You can all come back, now. Please.

Look! It’s Robert Smith from The Cure! Really, it is. Both of those tiny, fuzzy, completely blurry little men are actually him, with huge hair and adult-emo-alarming makeup, in a kind of comfortable post-workout hoodie and bovver boots, singing The Love Cats and Friday I’m In Love with the current band line up, and we are primly sitting in the circle at the Hammersmith Apollo, politely clapping along like your gran might do, kind of amazed and overawed because it’s THE CURE down there! On a Thursday night! In Hammersmith! And you didn’t know they were going to play! You thought you were going to see scientific comedians make jokes about scientific things!
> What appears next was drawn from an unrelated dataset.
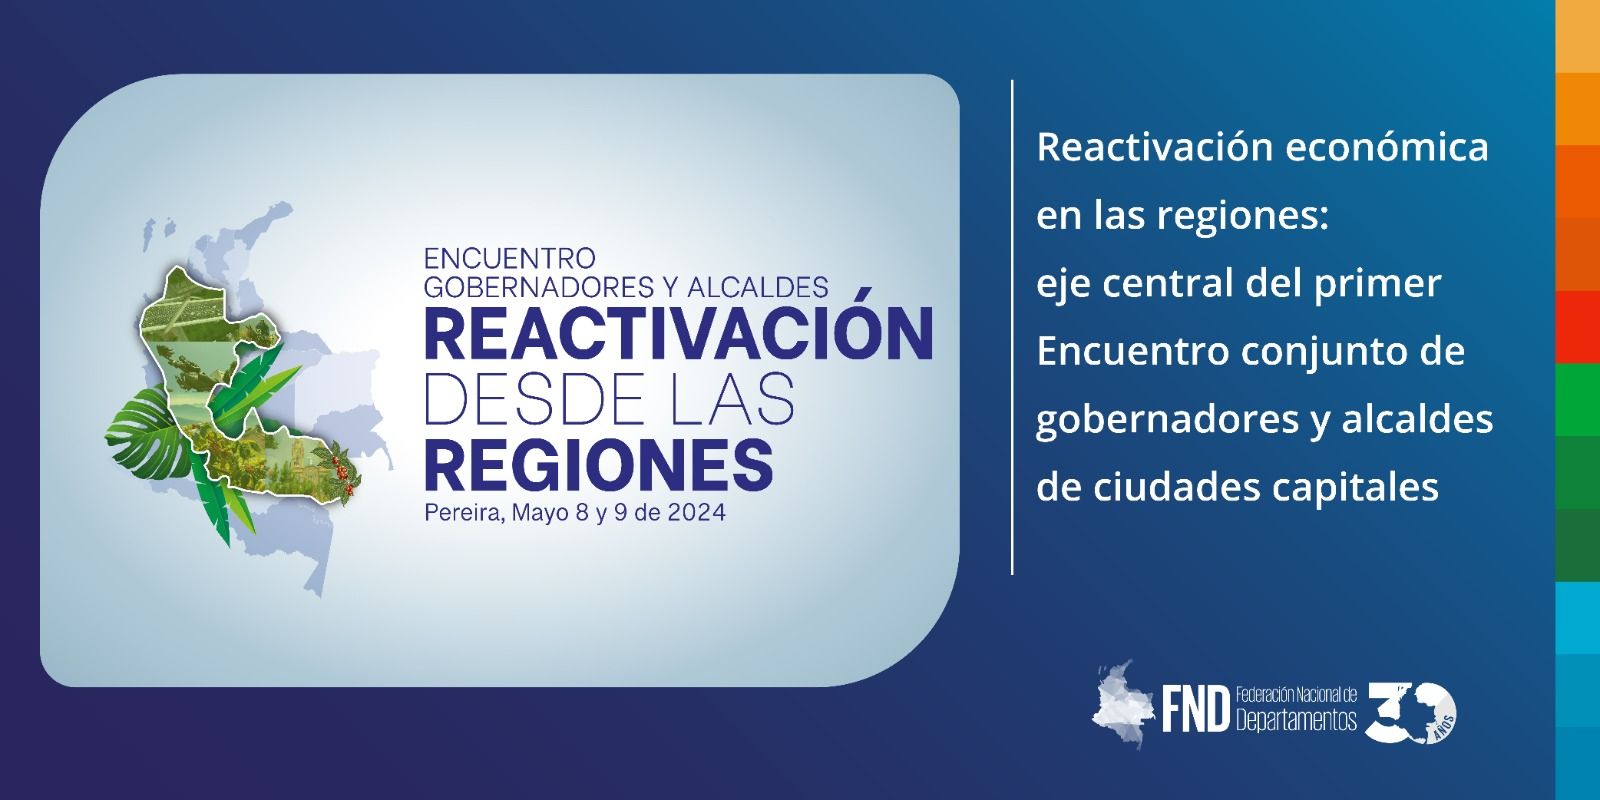 Reactivación económica en las regiones: eje central del primer Encuentro conjunto de gobernadores y alcaldes de ciudades capitales image

Which they didn’t, by the way, but that was fine, because they did talk about alchemy and the Big Bang Theory and what it is like to be photographing Saturn and they did some live algebra, which made me feel claustrophobic and panicky, as well as some detonating of things on stage and some terrible, terrible rapping by an American neuro-scientist husband and wife team, who should (quietly) go back to the lab and leave the rapping for the rappers, and we learnt about botflies and sloths and statin drug-testing and watched a clip of a man who spoke space languages, gifted to him by aliens via lasers. So, basically, I know more than you do about science, and now I am REALLY MUSICALLY COOL AS WELL. Deal with it.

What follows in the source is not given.